Prof. Dickson’s lecture will begin by reflecting on the emergence of the first cities in eighteenth-century Ireland, distinguishing them from what had come before – walled towns, very modest by European standards, that had been repeatedly shattered in seventeenth-century warfare. In what respects were these new Irish cities similar to what was happening in Britain and Europe? In the second part of the lecture David will look more closely at 'the quays of the kingdom', Cork, Limerick and Waterford, and the common elements in the rise of the three Munster Atlantic ports; he will also touch on the common elements in the social and economic crisis that beset them in the 1820s. The third segment will focus on how far Waterford was an outlier, a singular city, in the history of religious conflict and exclusion that was evident in most Irish cities of the period, and it will explore why this may been the case. The lecture will conclude with a comparison of the evolution of Waterford and Derry, which were each situated on broad-rivers and graced with their first bridges in the 1790s. Both cities were very much influenced by the interventions of their Church of Ireland bishops and, more discreetly, by the shadowy influence of the Beresford family. But was that all?
The next lecture in our 2021 – 2022 programme at the earlier time of 6 pm on Friday January 28th when historian Dr Pat McCarthy will deliver a talk titled ‘The experience of Waterford loyalists in the revolutionary decade 1912-1923’.
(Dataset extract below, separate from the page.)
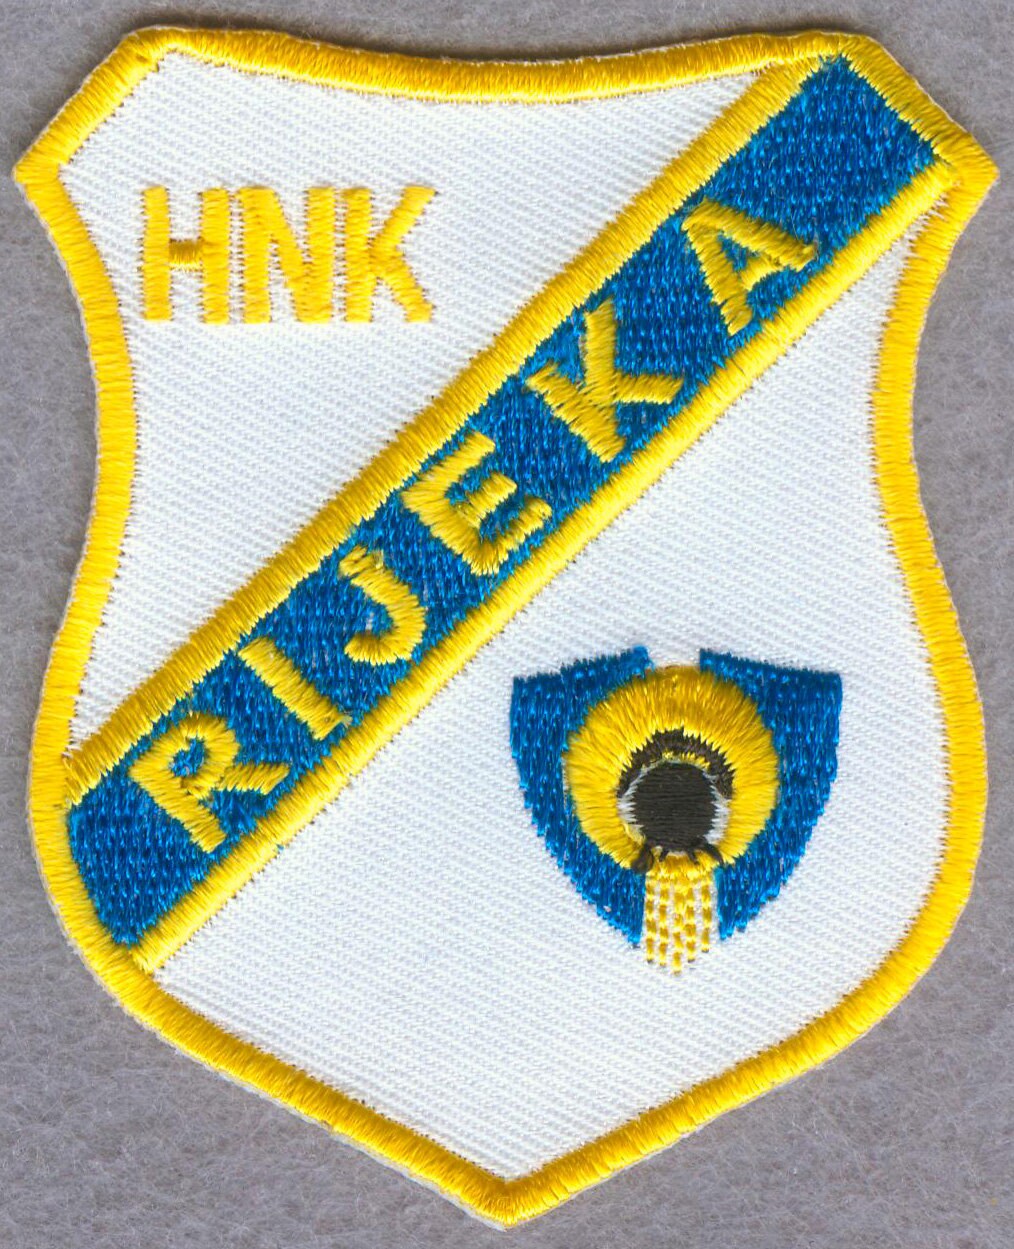 Free: HNK Hajduk Split II GNK Dinamo Zagreb HNK Rijeka - others 
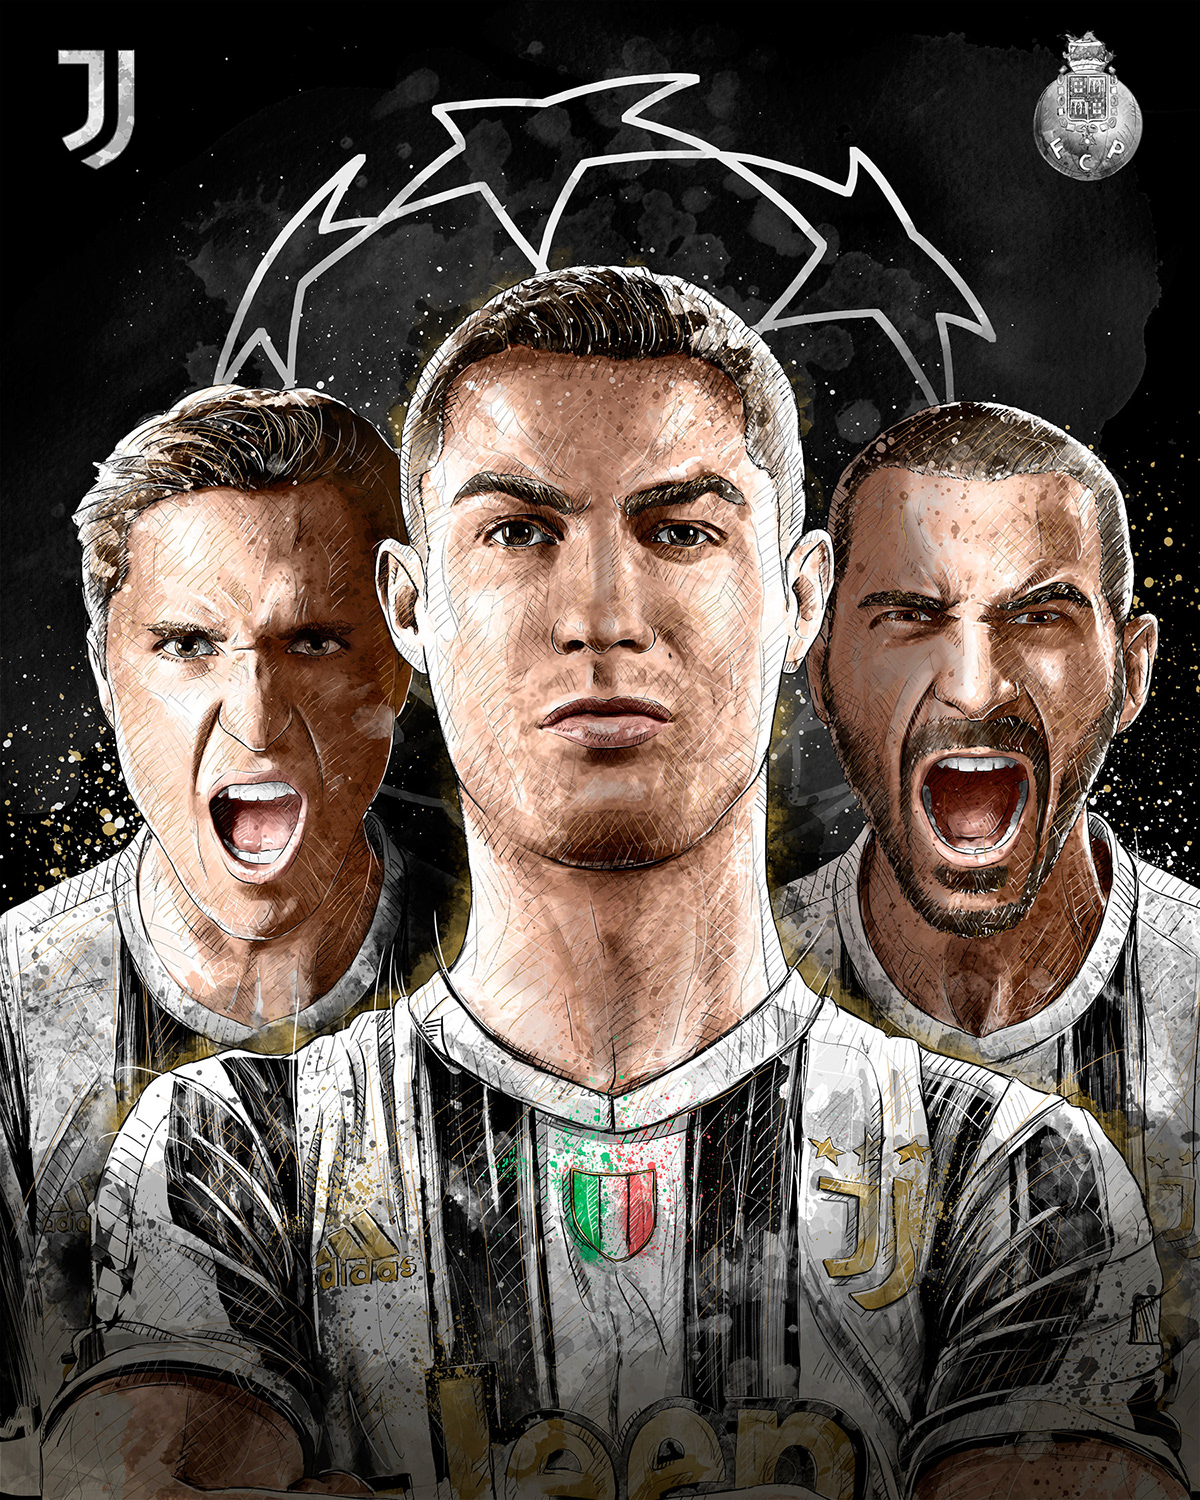 Dynamic sport/football illustration for Juventus vs. FC Porto: Bonucci, Ronaldo, chiesa.

“I had been brought up under the union jack and had no desire to live under any other emblem.”
The words of C.P. Crane, a Tipperary Resident Magistrate, in 1923, would have found an echo in the hearts of many of Waterford’s loyalist community. By 1926 their population had declined by 40% compared to 1911 and those who survived now lived in a different environment. In 1912 the small but influential loyalist community in Waterford had been vocal in their opposition to Home Rule. Led by Sir William Goff-Davis Goff and Dr Henry Stuart O’Hara, Church of Ireland bishop of the united dioceses of Waterford, Lismore, Cashel and Emly, they had publicly protested against the Home Rule Bill. On October 2 that year Dr O’Hara had led a prayer service in Christchurch which concluded with a signing of the Ulster Covenant by some of his flock – possibly a unique event in Munster. By 1914 they were very much aware that Home Rule for at least three provinces was inevitable and that in the event of a civil war they were extremely vulnerable. Those who attended an anti-Home Rule event had their names noted by a local newspaper which led to sharp exchanges in the House of Commons between the Conservative leader, Andrew Bonar-Law and John Redmond, leader of the Irish Parliamentary Party and MP for Waterford. The outbreak of WW1 changed that, at least temporarily, and they responded enthusiastically to the call to arms. They paid a high price for their loyalty to King and Empire. After the war, they again found themselves vulnerable, especially between the Truce (July 1921) and the end of the Civil War (May 1923), a period in which they were subject to opportunistic violence, a republican campaign of ‘Big House’ burnings and social disorder. In this lecture distinguished historian Pat McCarthy will look at the experiences of Waterford’s loyalist community during the revolutionary decade.